Current and former Portland city councilors on Monday criticized former City Manager Jon Jennings as vindictive and manipulative.
They also said the office of the mayor is too weak to be truly effective.
Meeting remotely with the Charter Commission’s governance committee, Councilors Pious Ali and Belinda Ray, and former Councilors Kim Cook and David Marshall described how policies are developed and the working relationships they had with various mayors and managers.

Ali and Cook had the harshest criticism for Jennings, who left the city on Nov. 1 to become the manager in Clearwater, Florida.
Cook, who left the council voluntarily in 2020 after serving one term, said she had a poor relationship with Jennings and he did not support policies she was interested in pursuing.
“Trying to push big policy is extremely difficult if you’re not in the good graces of our now former city manager,” Cook said.
Cook said while councilors met regularly with Jennings, she eventually stopped having meetings or conversations with him in the spring of 2019. She said she wanted the city to have a committee dedicated to the first phase of its Recode revaluation project, which Jennings strongly disagreed with.
“The manager plainly told me that I may have won the battle but I wasn’t going to win the war,” Cook said. “I felt threatened and really didn’t trust meeting with him very often, alone at least. Our meetings became very infrequent.”
Ali said Jennings was savvy enough to know he had to keep at least five councilors happy at all times because five councilors are needed to approve motions. But Ali, along with Marshall, said the city has a strong manager, weak council, and weak mayor, and unless that is changed, “I cannot see councilors and mayors implementing the agenda that they ran on.”
He described a situation before the coronavirus pandemic where he advocated for new public restrooms to be installed throughout the city to better serve the homeless community.

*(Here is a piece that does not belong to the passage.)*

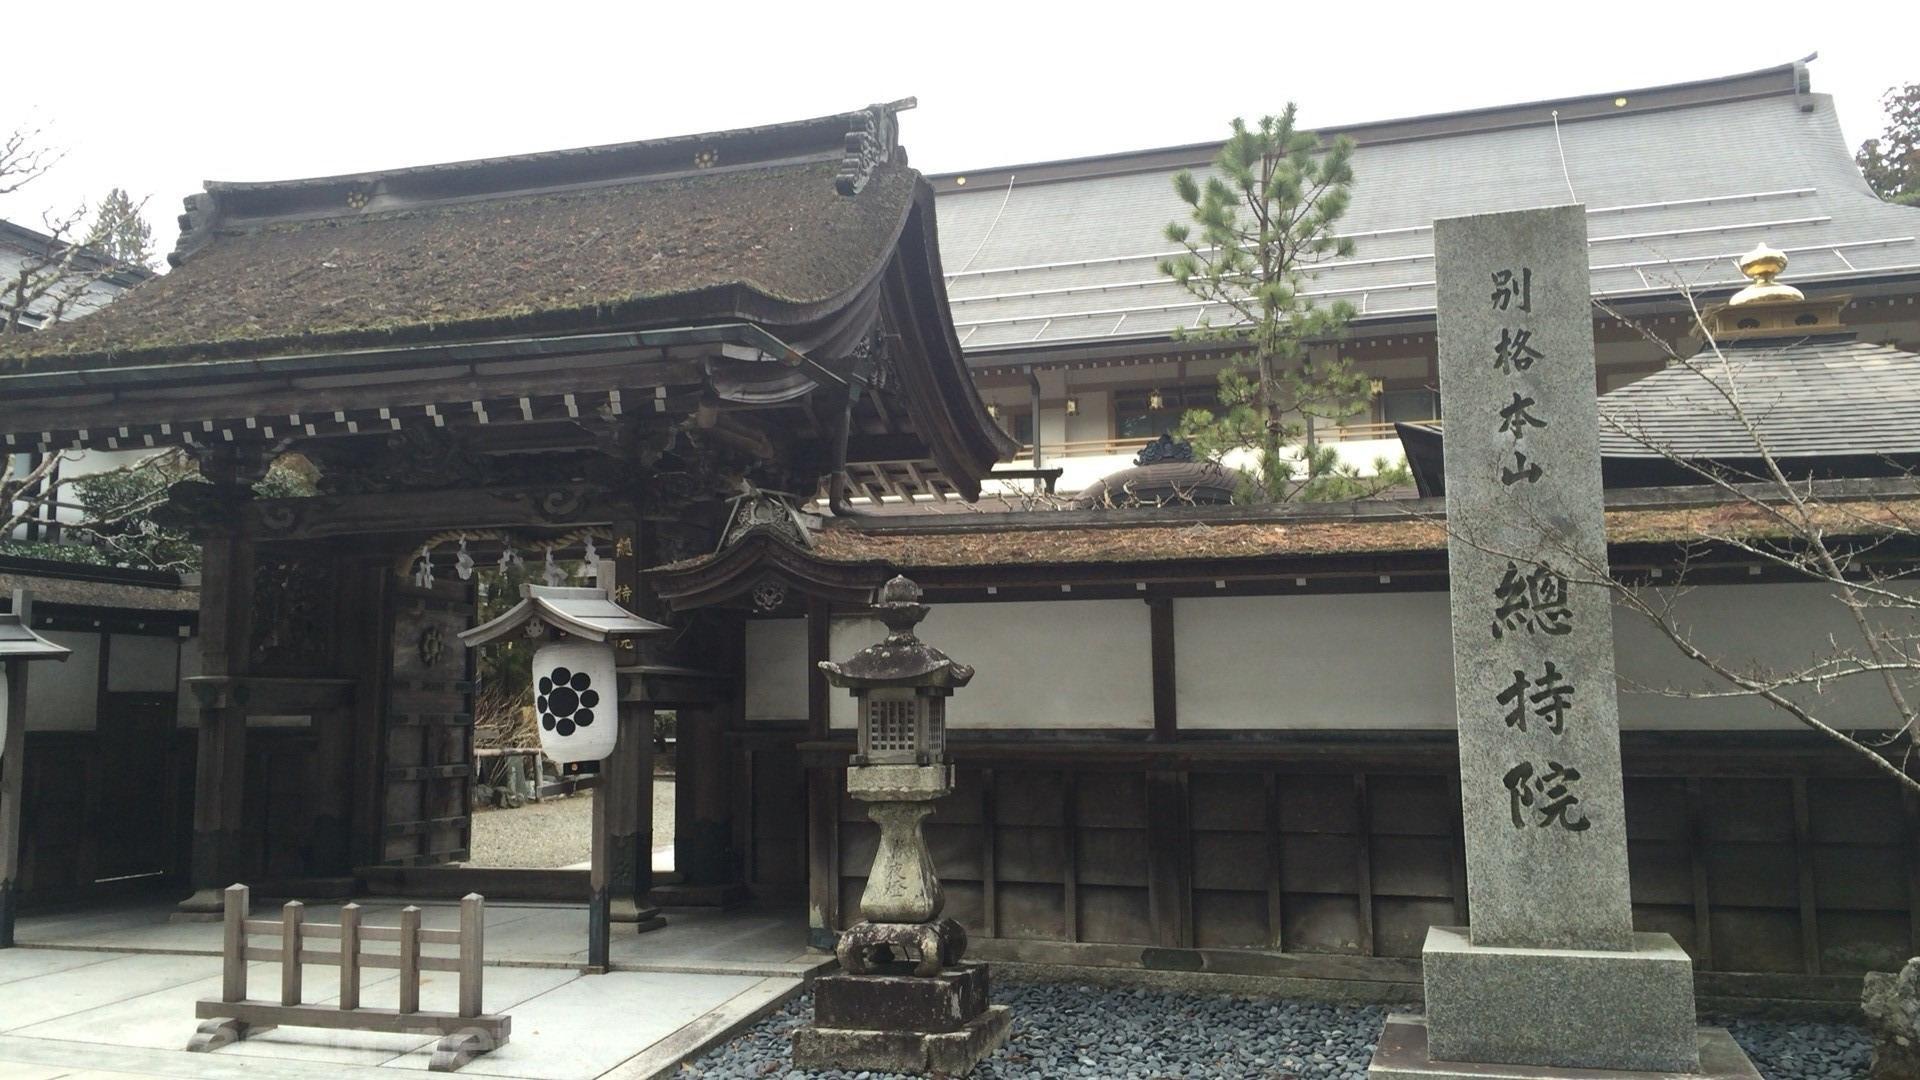 高野山の宿坊ガイド | 総持院の歴史と魅力

Jennings said he would not support the idea, but the same proposal was later made by a different councilor, and “suddenly it was the best idea brought forward.”
“Probably the manager agreed more with them than with me,” Ali said.
Ray, who is retiring from the council, said she had a slightly different experience: she often “butted heads” with Jennings, she said, but he would acquiesce to the will of the council if the votes dictated it.
“He was a strong-willed person, but he had nine bosses,” she said.
Ray said Jennings didn’t set city policy beyond drafting the first version of the municipal budget. Other councilors, however, have said he did, and that the charter allows a strong manager to do so.
Marshall said previous managers took similar approaches to policy goals. Mark Rees, he said, tried to sell a portion of Congress Square Park during his tenure. His approach led to political problems, Marshall said, when the sale of a portion of that public space was ultimately supported by the City Council and Mayor Michael Brennan in 2013 but was defeated by a citizen referendum.
Ali, Cook, and Marshall said citizen initiatives are now the approach the public is taking to respond to policies coming from City Hall.
“I see it as crossing the line when a manager pushes ideas,” Marshall said. “If I had been on the council I would have had strong feelings to his approach.”
Ali and Cook also described scenarios where Jennings prohibited councilors from speaking directly with city staff or department heads.
“The manager may have to answer to nine councilors,” Ali said. “(But) Jon did build a strong firewall between councilors and staff.”
All requests for staff guidance had to go through Jennings, which Ali said could be problematic. For example, if Jennings disagreed with the initiative a councilor was pursuing, he said staff could be told not to provide the best information or guidance.
Ali, who said he had a close relationship with former Mayor Ethan Strimling when Strimling and Jennings clashed publicly over the power dynamic, said he stopped meeting with the former mayor as often when that clash intensified.
He said it remained clear that he and Jennings did not see eye-to-eye on various policy initiatives. The former manager did not solicit him to vote certain ways, Ali said, probably because of their different opinions.
“Even though the last manager was not supposed to make policy, he was a good politician,” Ali said. “The previous mayor became like the bogeyman.”
Several of the councilors said the existing mayoral position is relatively weak, because the person who holds that position is just another councilor, with one of nine votes on the council.
Ray said Mayor Kate Snyder has excelled as a facilitator who understands she isn’t strong enough to push policy on her own: she needs to build coalitions and ensure they have at least five votes, which is the same as any other councilor. But she said if a mayor puts in the time to build relationships with the council, the manager, other mayors, and lawmakers in Augusta, it can be a powerful role.
On the other hand, she said, Strimling tried to promote policies on his own.
Marshall said the mayor is weak as a result of compromise by the last Charter Commission. He said the mayor lacks executive power and is a difficult position for candidates who run on a platform because they need five council votes to get anything done.
Marshall, who only served under Brennan, said he was more of a mediator.